Heute leben all diese Genres mit einer neuen Generation von Filmemachern zusammen, die auf internationalen Filmfestivals ausgezeichnet wurden. So gewann Naomi Kawase mit Der Wald von Mogari (2007) den Großen Preis der Filmfestspiele von Cannes, Hirokazu Kore-Eda erhielt die Goldene Palme für Eine Familienangelegenheit (2018), während Sion Sono regelmäßig auf alternativen Festivals rund um sein ebenso vielseitiges wie einzigartiges Werk zu sehen ist.

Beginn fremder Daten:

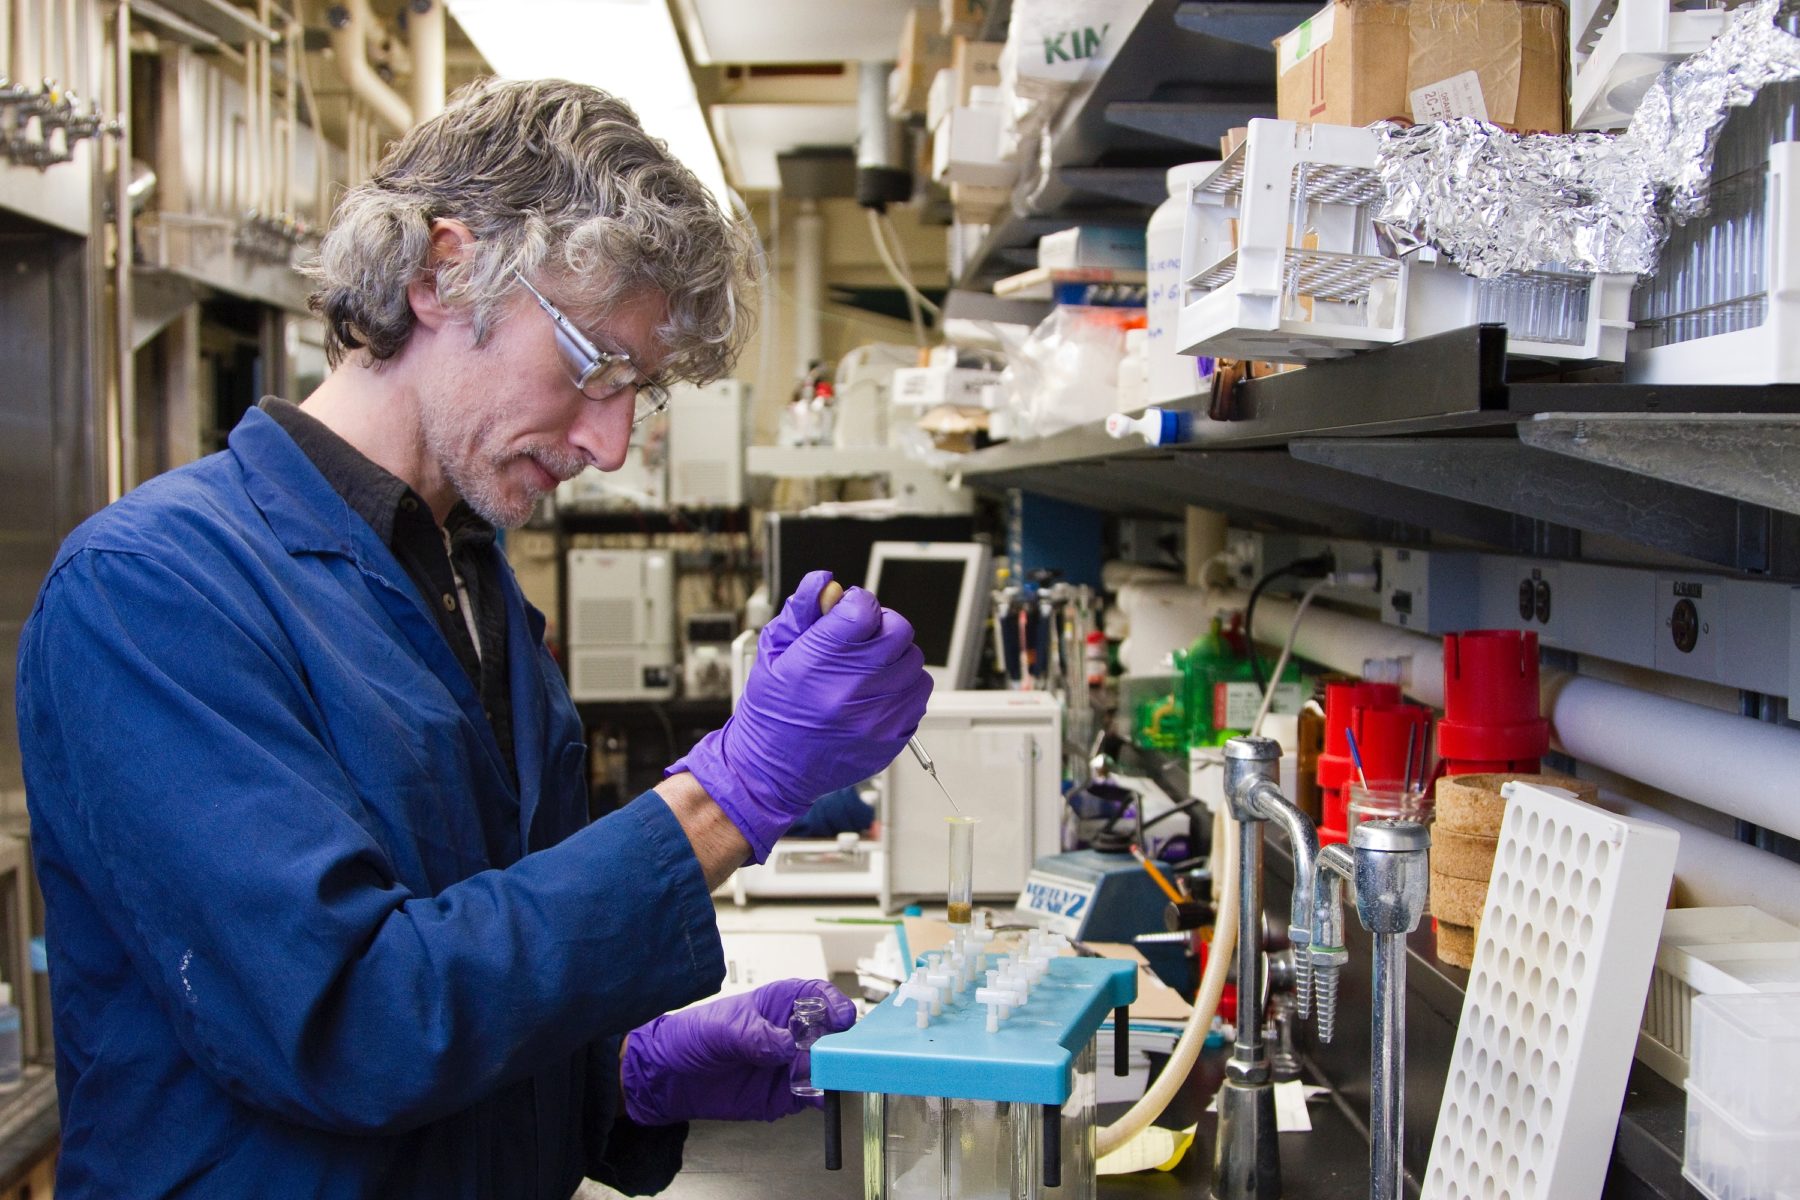 The National Cancer Institute's Natural Products Branch at the Frederick National Laboratory for Cancer Research is the largest program to collect materials worldwide from marine, plant, and microbial sources so they may be studied for possible medical uses.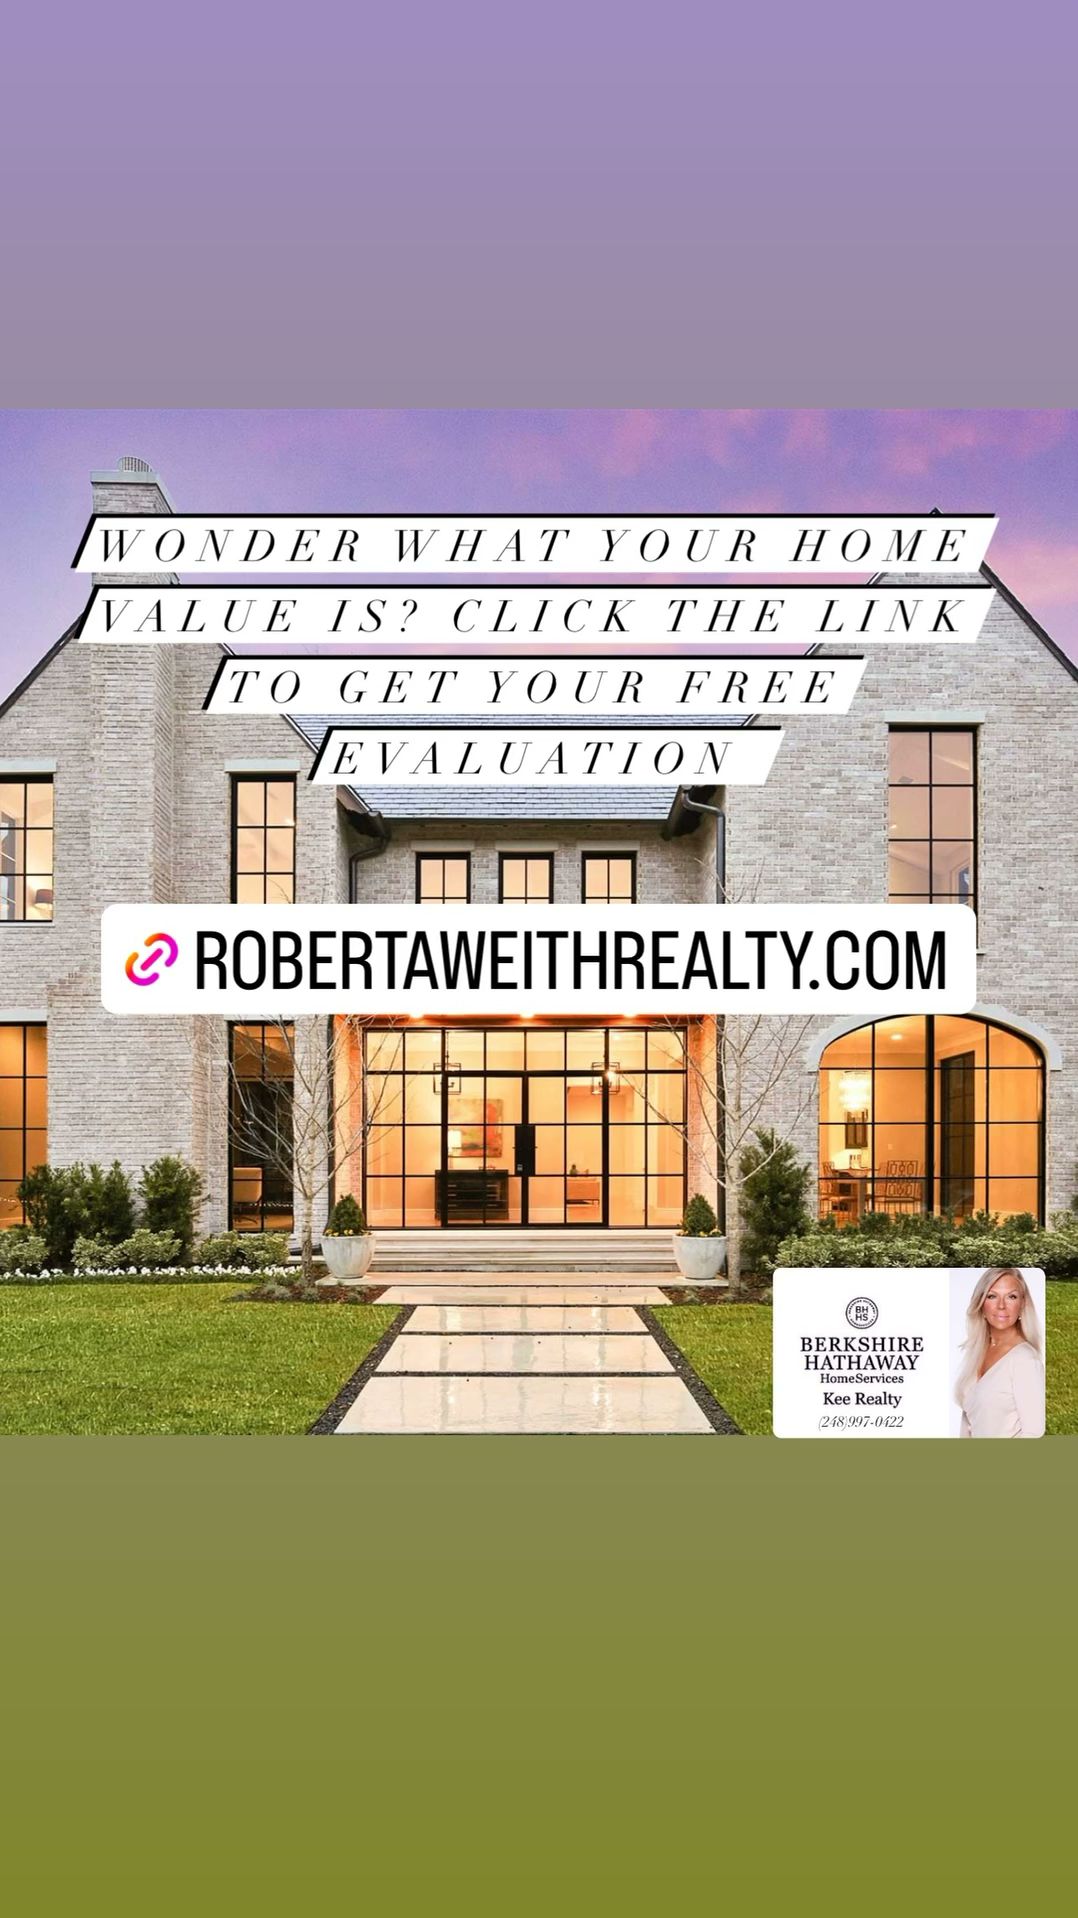 Berkshire Hathaway HomeServices Kee Realty Rochester

Wenn Japan zum Leben erwacht

Der japanische Animationsfilm ist mehr als nur ein Genre, er ist eine eigenständige Industrie, die in der zweiten Hälfte des 20. Jahrhunderts ihren Realfilm an Ansehen überholt hat. Der Export dieser Billigproduktionen, der in den 1960er Jahren mit Astro Boy begann, explodierte in den 1980er Jahren mit Sendungen wie Le Club Dorothée. Dragon Ball, Die Ritter des Zodiak oder Sailor Moon eroberten die Fernsehbildschirme, während der japanische Anime mit Katsuhiro Otomos Akira (1988) auf den großen Leinwänden der ganzen Welt seinen Durchbruch feierte. Von da an gab es Anime in allen Formen und Genres und Millionen von Menschen strömten in die Kinos und auf Streaming-Plattformen, um die neuesten Episoden ihrer Lieblingssaga zu sehen. Unter den großen Studios nimmt Toei Animation einen wichtigen Platz in der japanischen Wirtschaftslandschaft ein und produziert die Serien und Filme Dragon Ball Super oder One Piece. Daneben hat sich das Studio Ghibli, das von seinen Mitbegründern Hayao Miyazaki und Isao Takahata getragen wird, mit seinen Filmen, die von Poesie und Fantasy geprägt sind und gleichzeitig eine Botschaft des Friedens und der Universalität vermitteln, einen Namen gemacht. Mein Nachbar Totoro (1988), Das Grabmal der Glühwürmchen (1989) und Prinzessin Mononoke gehören zu seinen bekanntesten Filmen, ebenso wie Chihiros Reise (2001), der mit dem Oscar für den besten Animationsfilm ausgezeichnet wurde. Zur gleichen Zeit verfilmte der Filmemacher Mamoru Oshii den Manga Ghost in the Shell (1995). Oshii, der sowohl von europäischen Regisseuren als auch von seinen japanischen Zeitgenossen beeinflusst wurde, nahm jedoch einen düstereren Blick auf die Gesellschaft seiner Zeit ein, eine Bitterkeit, die er in diese Cyberpunk-Dystopie einfließen ließ, die ebenfalls ein großer Publikumserfolg wurde. Satoshi Kon, der letzte Freigeist, ist ein Meister der Stimmungen und Welten, die er in Perfect Blue (1997) oder Paprika (2006) in Szene setzt. Heute heißen die großen japanischen Animationsfilmemacher Mamoru Hosoda(Belle, 2022) und Makoto Shinkai(Your Name , 2015), und die beliebtesten Serien werden auf speziellen Streaming-Plattformen wie Crunchyroll oder ADN gestreamt, während Netflix mit seinen Originalproduktionen Marktanteile erobert. Eines ist sicher: Der japanische Animationsfilm hat noch viele schöne Tage vor sich.

Filme in Japan sehen

Die schlechte Nachricht für Kinofans ist, dass japanische Kinos ihre Filme in der Regel ohne Untertitel oder sogar nur in der synchronisierten Version zeigen. Trotzdem können Sie als Filmfan im National Film Archive of Japan in Tokio Ihren Hunger nach japanischen Filmen stillen. Dieses ehemals dem Museum für moderne Kunst angegliederte Filmarchiv wurde 2018 unabhängig und beherbergt heute die Archive dieser reichen Filmgeschichte. Und der allererste Ghibli-Themenpark wurde im November 2022 eröffnet. Mit etwas Glück stolpern Sie während des Tokyo International Film Festival, das seit 1985 jedes Jahr stattfindet. Wählen Sie Ihre Reisedaten mit Bedacht, aber keine Sorge, das japanische Kino wird Sie nur überraschen.